Police powers under the Tenth Amendment give states the ability to establish and enforce laws and regulations that they see fit to protect the welfare, safety, and health of the public so long as it is done so on a rational basis. Therefore, jurisprudence provides that these powers grant govenors the final say over their individual states’ plans to react towards public health emergencies such as the current COVID-19 pandemic. These state powers are interpreted to include the enforcement of stay-at-home orders and mandatory social distancing protocols.

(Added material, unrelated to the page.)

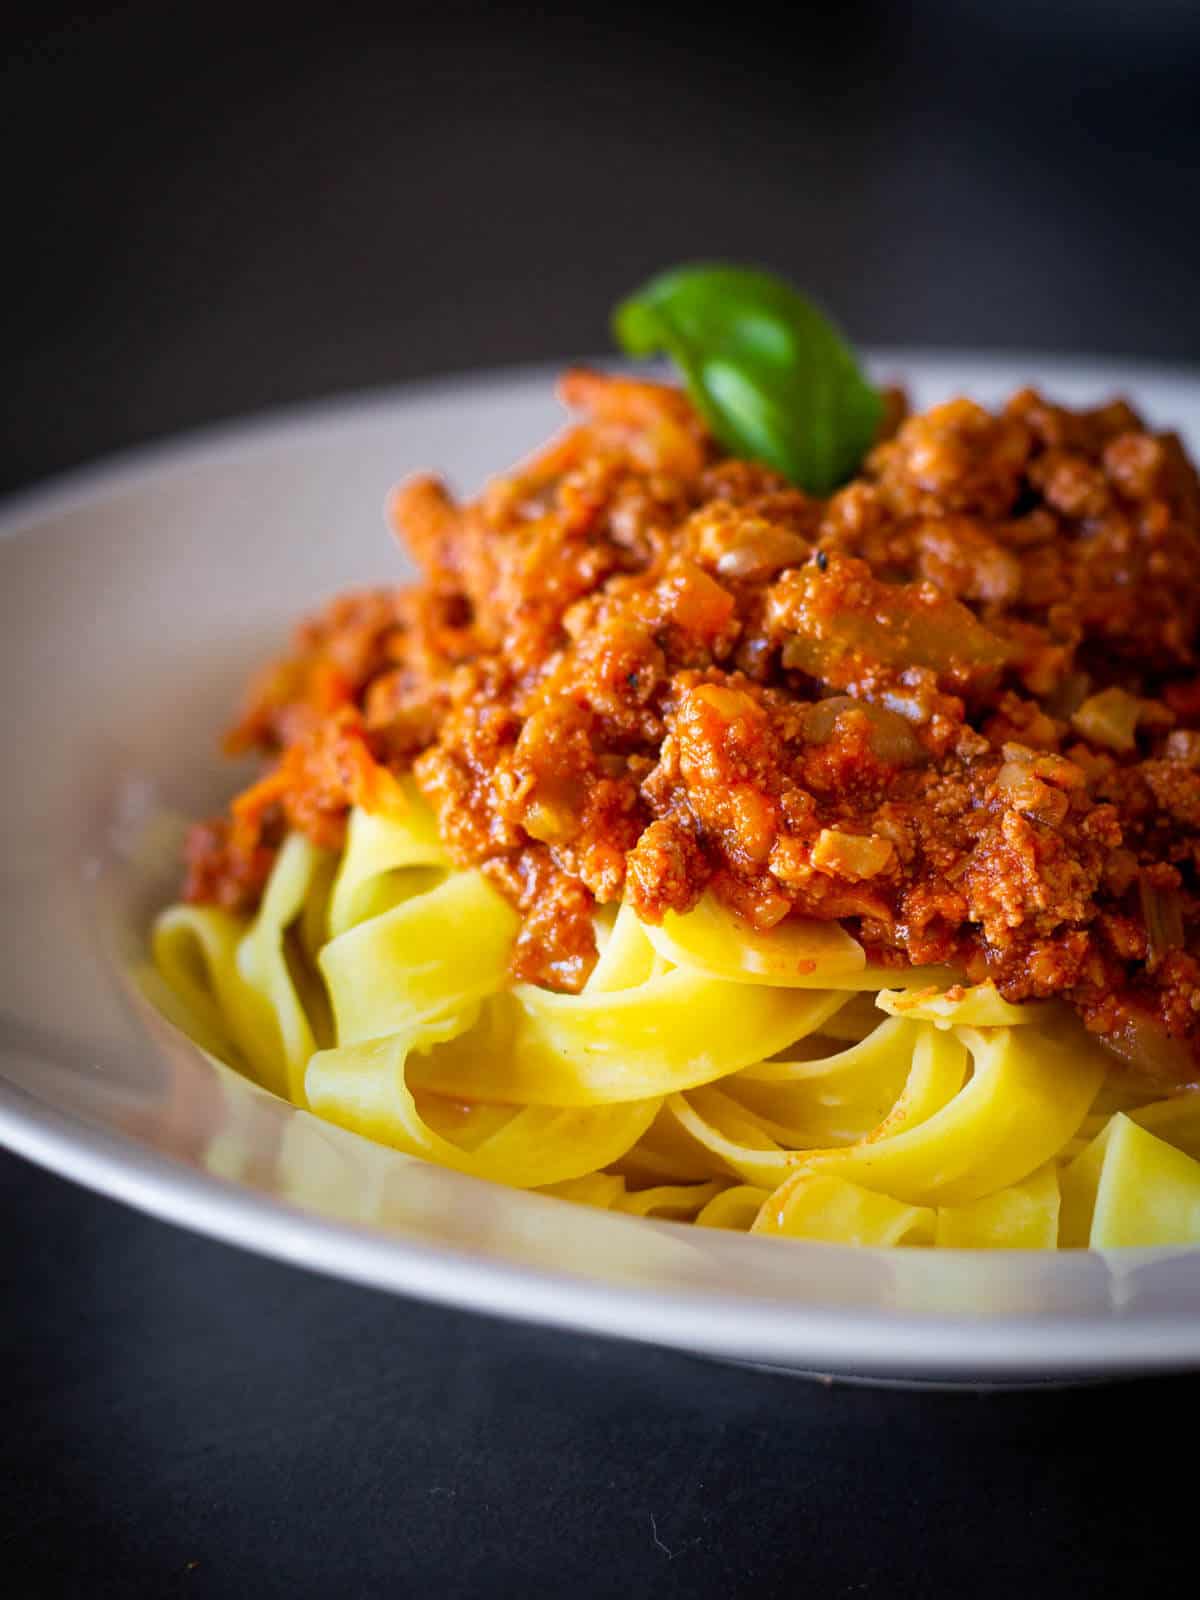 Vegan Bolognese sauce plated with fettuccini pasta.

In turn, regardless of the current international emergency, President Trump’s claim to having complete control over the actions of the states is entirely unfounded. This means that individual state governors reserve the right to either enforce or lift social distancing guidelines at their own discretion and the President currently has no authority to completely override these decisions.

Some governors have publicly stated they would not follow President Trump’s lead on this situation and will instead continue to pursue a response effort they feel is most appropriate. One particularly vocal governor has been the Governor of New York State Andrew Cuomo. While Governor Cuomo and President Trump have been able to cooperate over specific aspects of their response plans, such as loosening restrictions on eligibility for COVID-19 testing and building field hospitals, they have vastly different ideas about the approach to reopening New York. Governor Cuomo, who publicly challenged President Trump’s comment regarding his “total authority,” remains firm in his belief that the state cannot safely be reopened and restored to normal activity yet, and has kept most regions of the state under a lockdown. So, while President Trump may disagree with him on this front, the police powers granted to Governor Cuomo through the Tenth Amendment mean that the President cannot interfere in the enforcement of a COVID-19 response plan.

As the United States continues to battle the virus they will be faced with monumental challenges. These challenges will likely continue to cause tension between state governors and the President. Ultimately, states will continue to have the final say over enforced social distancing and lockdowns. While this power may not have been added to the US Constitution with a global pandemic in mind, the Tenth Amendment will continue to protect the states’ rights to act in a manner that they see fit to ensure the overall welfare and health of their people.